Posted in Books, R, Statistics, University life with tags , , , , , , , , , , , on April 7, 2015 by xi'an

Matt Moores, Tony Pettitt, and Kerrie Mengersen arXived a paper yesterday comparing different computational approaches to the processing of hidden Potts models and of the intractable normalising constant in the Potts model. This is a very interesting paper, first because it provides a comprehensive survey of the main methods used in handling this annoying normalising constant Z(β), namely pseudo-likelihood, the exchange algorithm, path sampling (a.k.a., thermal integration), and ABC. A massive simulation experiment with individual simulation times up to 400 hours leads to select path sampling (what else?!) as the (XL) method of choice. Thanks to a pre-computation of the expectation of the sufficient statistic E[S(Z)|β].  I just wonder why the same was not done for ABC, as in the recent Statistics and Computing paper we wrote with Matt and Kerrie. As it happens, I was actually discussing yesterday in Columbia of potential if huge improvements in processing Ising and Potts models by approximating first the distribution of S(X) for some or all β before launching ABC or the exchange algorithm. (In fact, this is a more generic desiderata for all ABC methods that simulating directly if approximately the summary statistics would being huge gains in computing time, thus possible in final precision.) Simulating the distribution of the summary and sufficient Potts statistic S(X) reduces to simulating this distribution with a null correlation, as exploited in Cucala and Marin (2013, JCGS, Special ICMS issue). However, there does not seem to be an efficient way to do so, i.e. without reverting to simulating the entire grid X…
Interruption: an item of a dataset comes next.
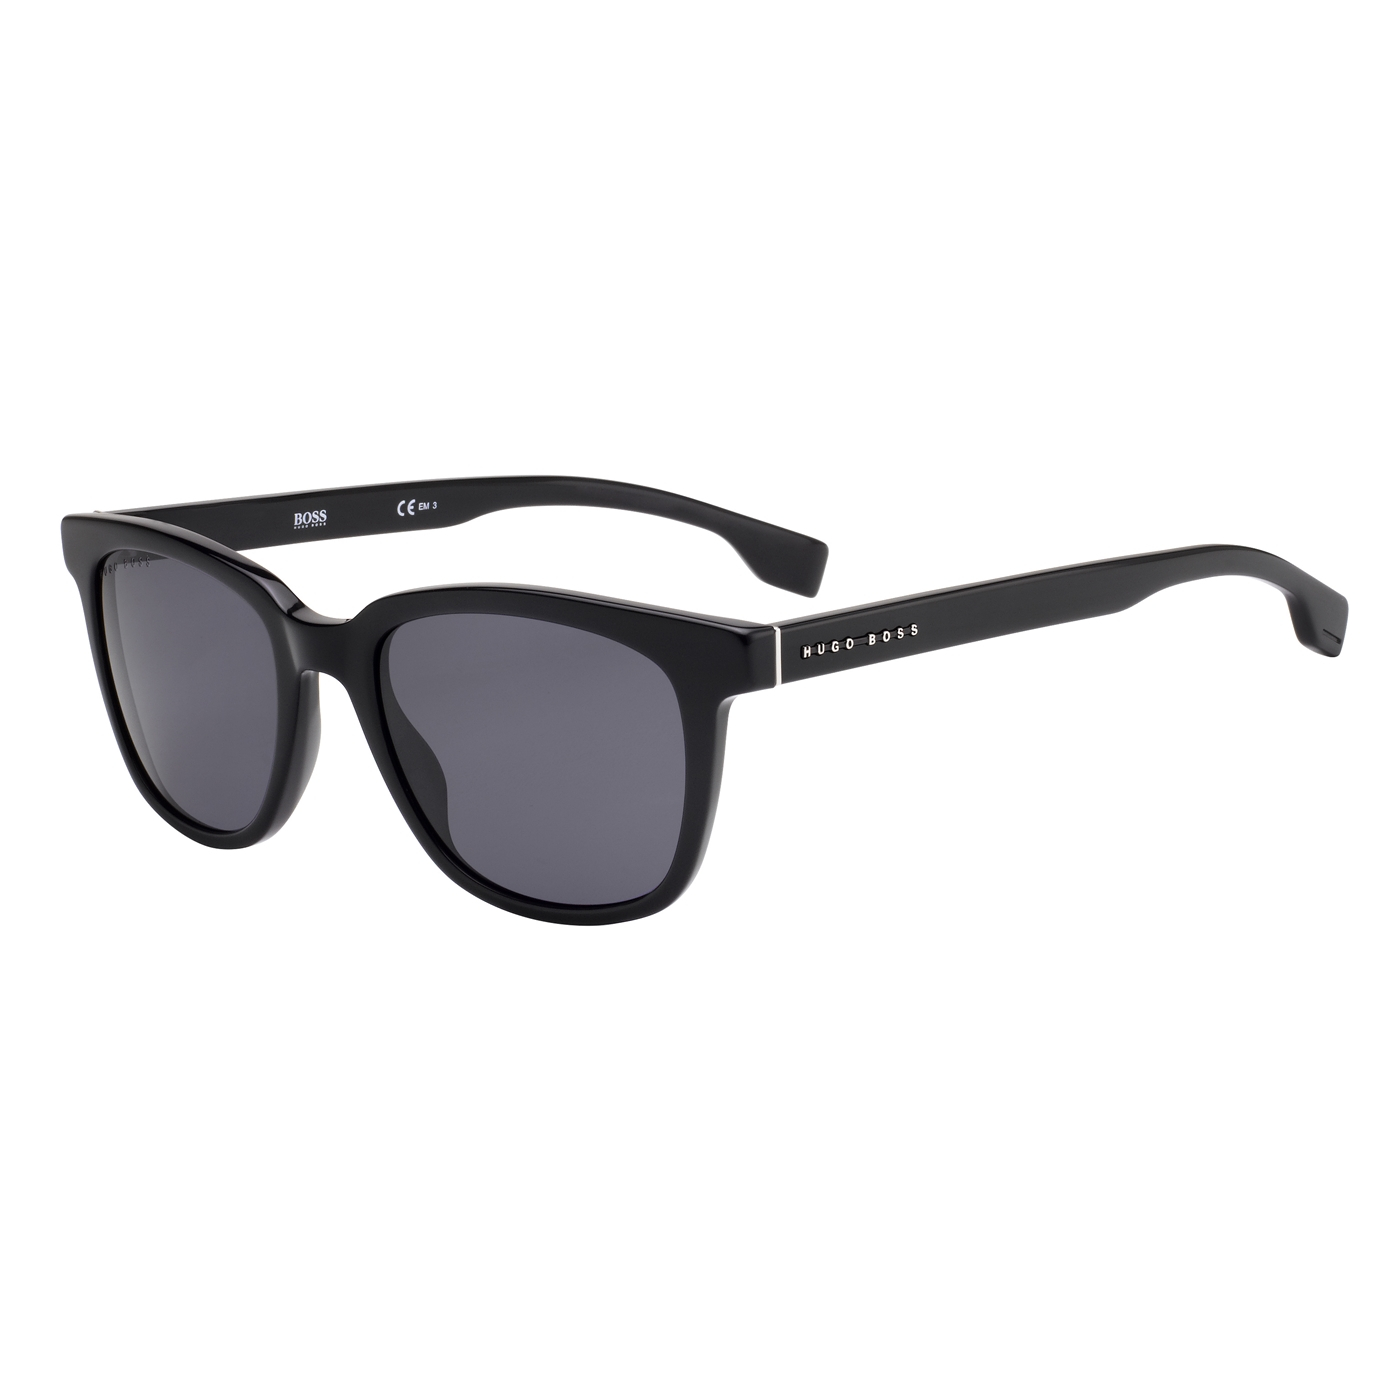 Bilde av Boss Black Sunglasses BOSS 1037S 807 51 IR

## MCMskv, Lenzerheide, Jan. 5-7, 2016

Posted in Kids, Mountains, pictures, R, Statistics, Travel, University life with tags , , , , , , , , , , , , , , , , on March 31, 2015 by xi'an

Following the highly successful [authorised opinion!, from objective sources] MCMski IV, in Chamonix last year, the BayesComp section of ISBA has decided in favour of a two-year period, which means the great item of news that next year we will meet again for MCMski V [or MCMskv for short], this time on the snowy slopes of the Swiss town of Lenzerheide, south of Zürich. The committees are headed by the indefatigable Antonietta Mira and Mark Girolami. The plenary speakers have already been contacted and Steve Scott (Google), Steve Fienberg (CMU), David Dunson (Duke), Krys Latuszynski (Warwick), and Tony Lelièvre (Mines, Paris), have agreed to talk. Similarly, the nine invited sessions have been selected and will include Hamiltonian Monte Carlo,  Algorithms for Intractable Problems (ABC included!), Theory of (Ultra)High-Dimensional Bayesian Computation, Bayesian NonParametrics, Bayesian Econometrics,  Quasi Monte Carlo, Statistics of Deep Learning, Uncertainty Quantification in Mathematical Models, and Biostatistics. There will be afternoon tutorials, including a practical session from the Stan team, tutorials for which call is open, poster sessions, a conference dinner at which we will be entertained by the unstoppable Imposteriors. The Richard Tweedie ski race is back as well, with a pair of Blossom skis for the winner!

As in Chamonix, there will be parallel sessions and hence the scientific committee has issued a call for proposals to organise contributed sessions, tutorials and the presentation of posters on particularly timely and exciting areas of research relevant and of current interest to Bayesian Computation. All proposals should be sent to Mark Girolami directly by May the 4th (be with him!).